Personally, I think it’s a pretty brave person that attempts a surprise wedding. It’s one thing if your guests don’t know about it (read my last blog here). It’s quite another if your spouse doesn’t know about it. In some countries this is actually illegal. It is a measure to protect brides in particular from being coerced into marriage. As a Humanist Officiant, where we value equality for all, we are always on guard for signs of coercion or other unequal arrangements. Some people who agree to marry have told me, while they are ultimately happy with the arrangement, there was pressure felt to say “yes” to a surprise proposal. This is particularly the case when a proposal was seemingly completely out of the blue.
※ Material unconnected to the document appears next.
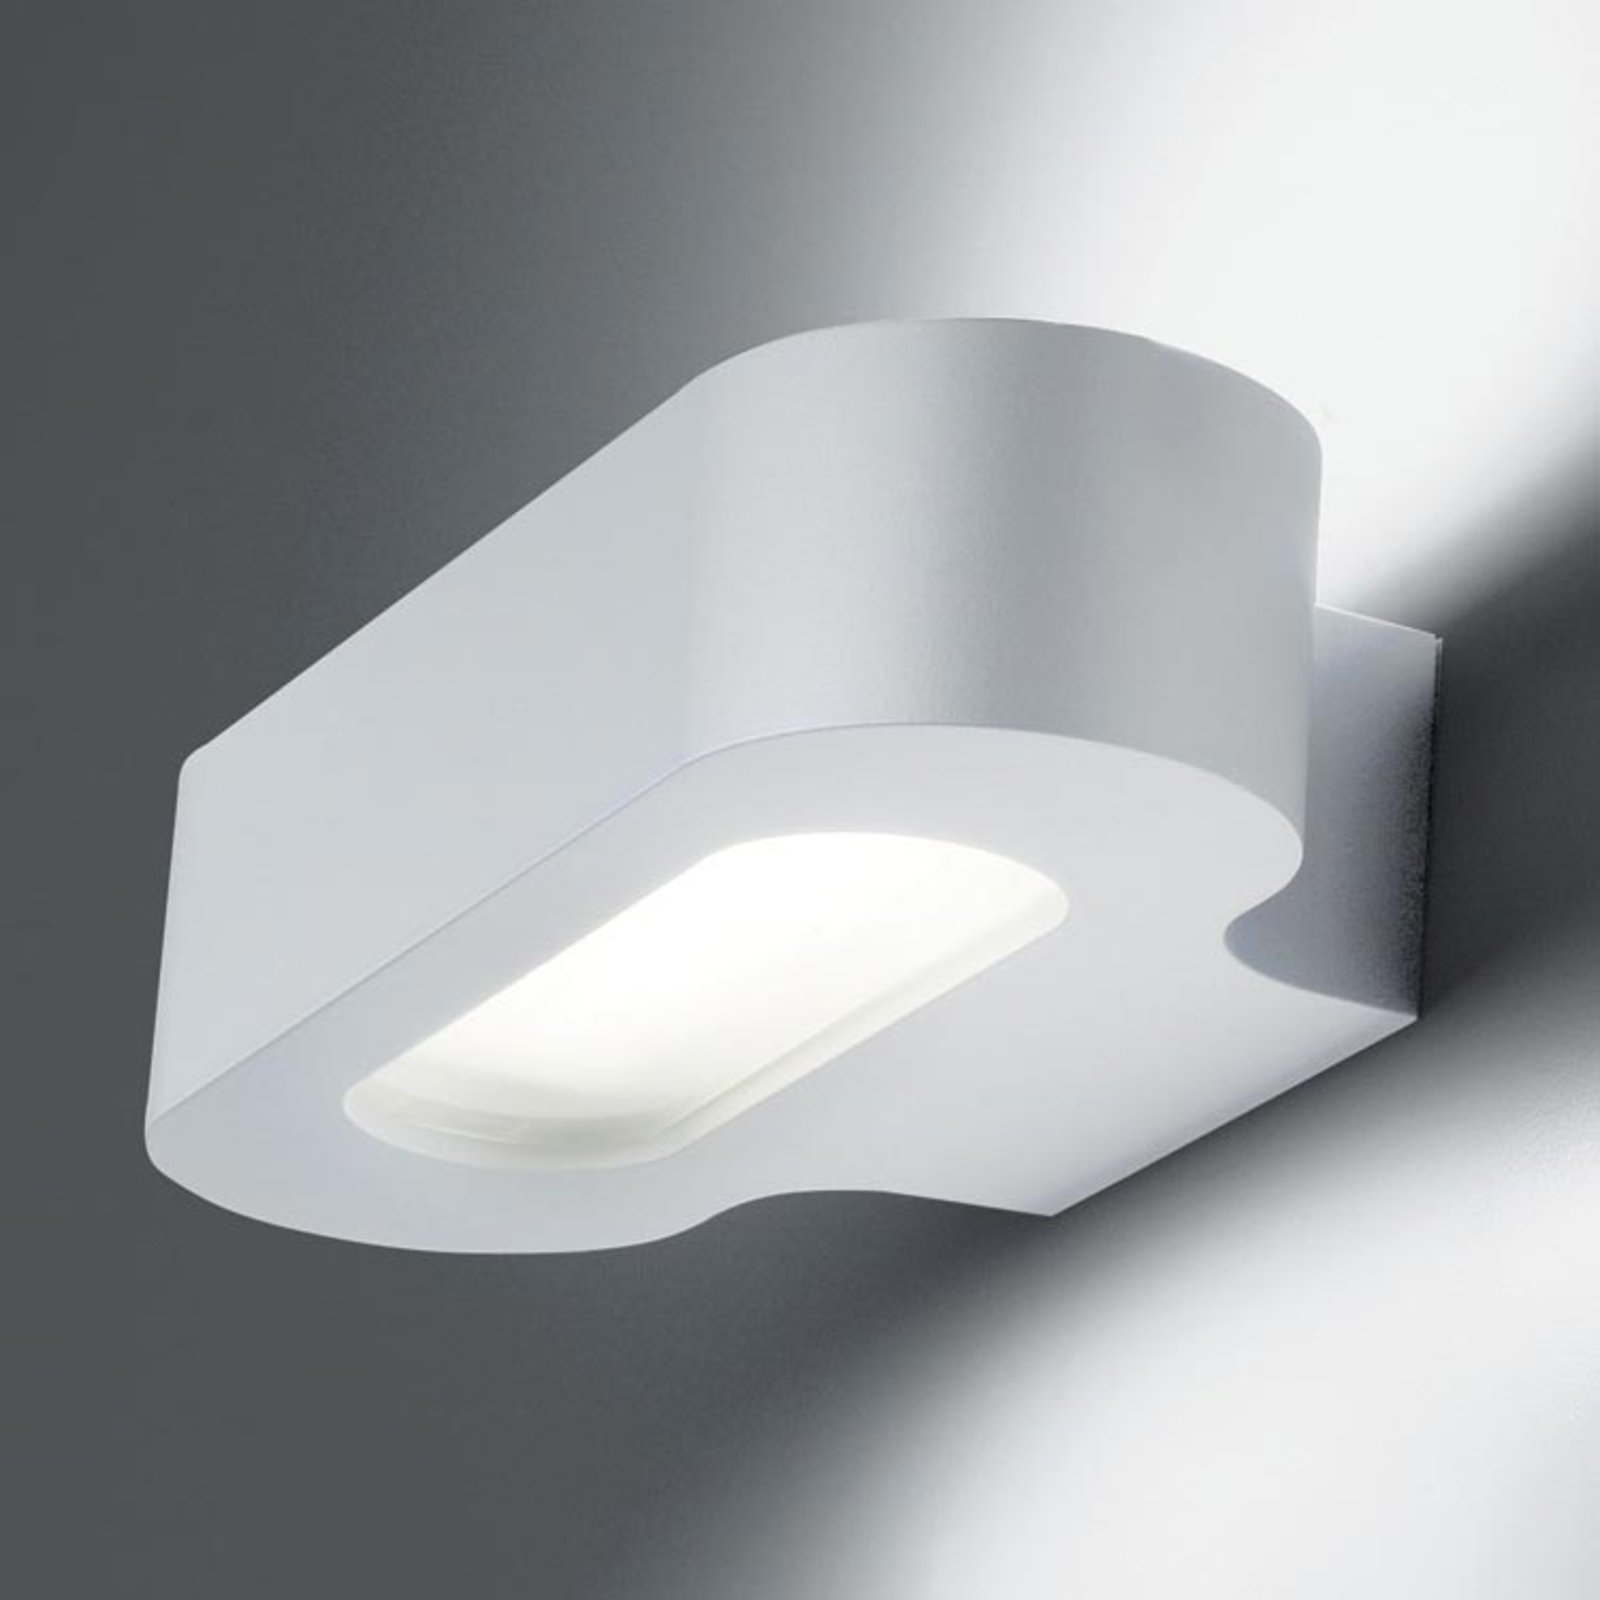 Artemide design-wandlamp R7s 21 cm | Lampen24.be

That pressure is only magnified on your wedding day where all eyes are on you and expectations are huge.
That being said, I enjoyed reading this story about a bride and groom who got married on the slopes here in Ontario — interestingly with an officiant who also works as a ski patroller! How lucky is that? The couple had been talking about marriage and the groom did get some reassurance that she would say yes in the moments leading up to that mountaintop wedding. That said, those kinds of moves can carry a lot of risk – especially if you misread the signs from your loved one leading up to it.
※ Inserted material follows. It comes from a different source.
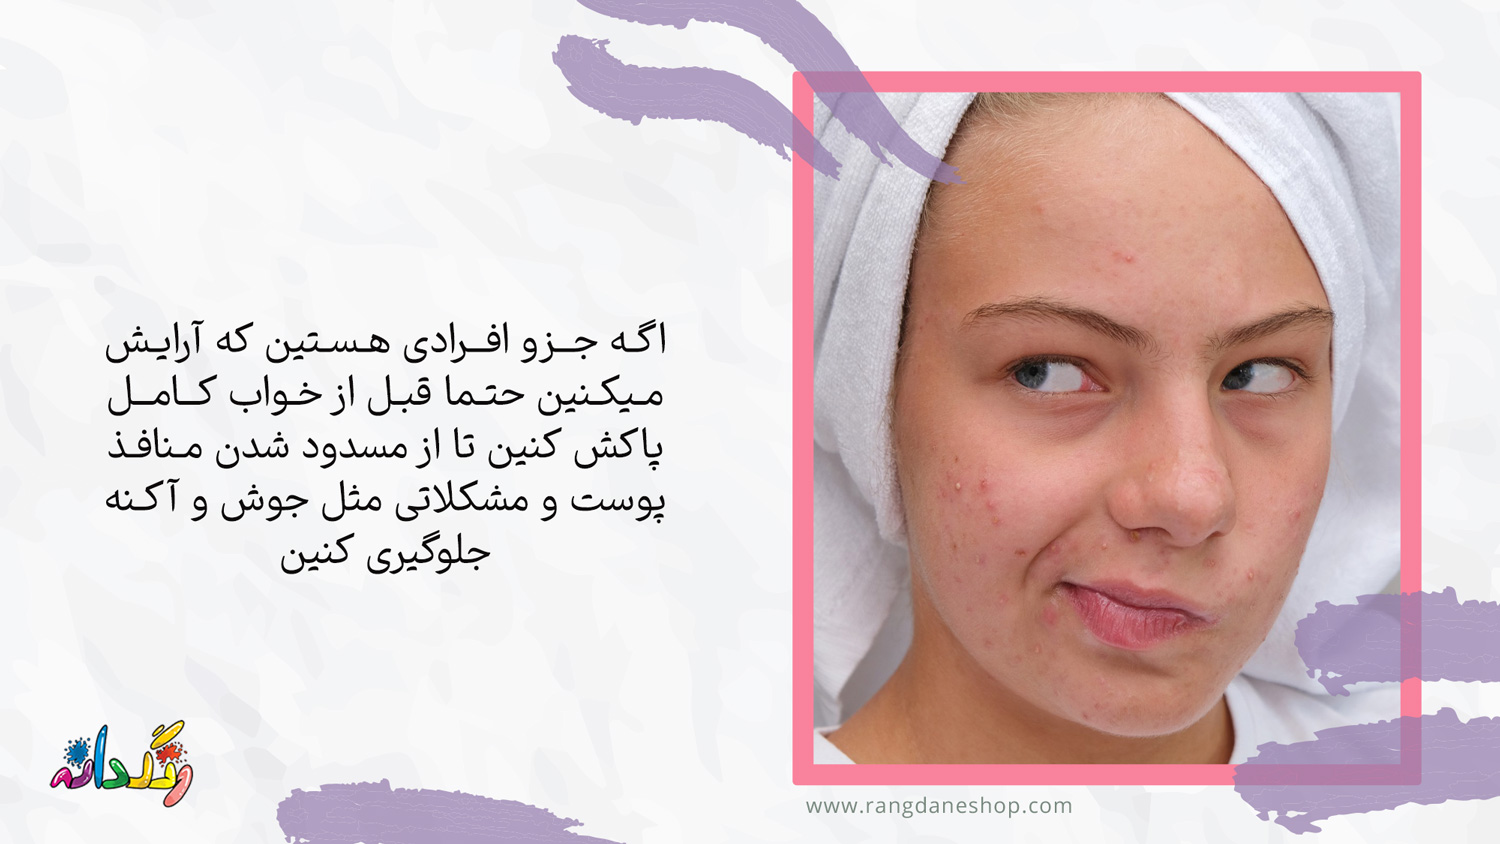 بسته شدن منافذ پوست یکی از عوارض استفاده مداوم از لوازم ارایشی بر روی پوست

Indeed event and wedding planners agree it is a dangerous move. While many surprise-the-spouse weddings turn out fine as this article suggests, like any surprise wedding, the surprised spouse may be left spend those major moments just absorbing the shock of it all. They may also resent it later given that the surprise meant they had no voice or say in the plan or the event itself. Indeed Humanist weddings are all about the couple. They decide what the wedding and marriage means to them. I imagine this would be a tough call if one half of the couple was never consulted in the planning and writing of the actual ceremony itself, which in my case is always a collaborative affair. It could be the reason, that as the article suggests, “surprising the bride or groom with their own wedding is yet to become a trend as pervasive as destination weddings or choreographed first dances“. Food for thought.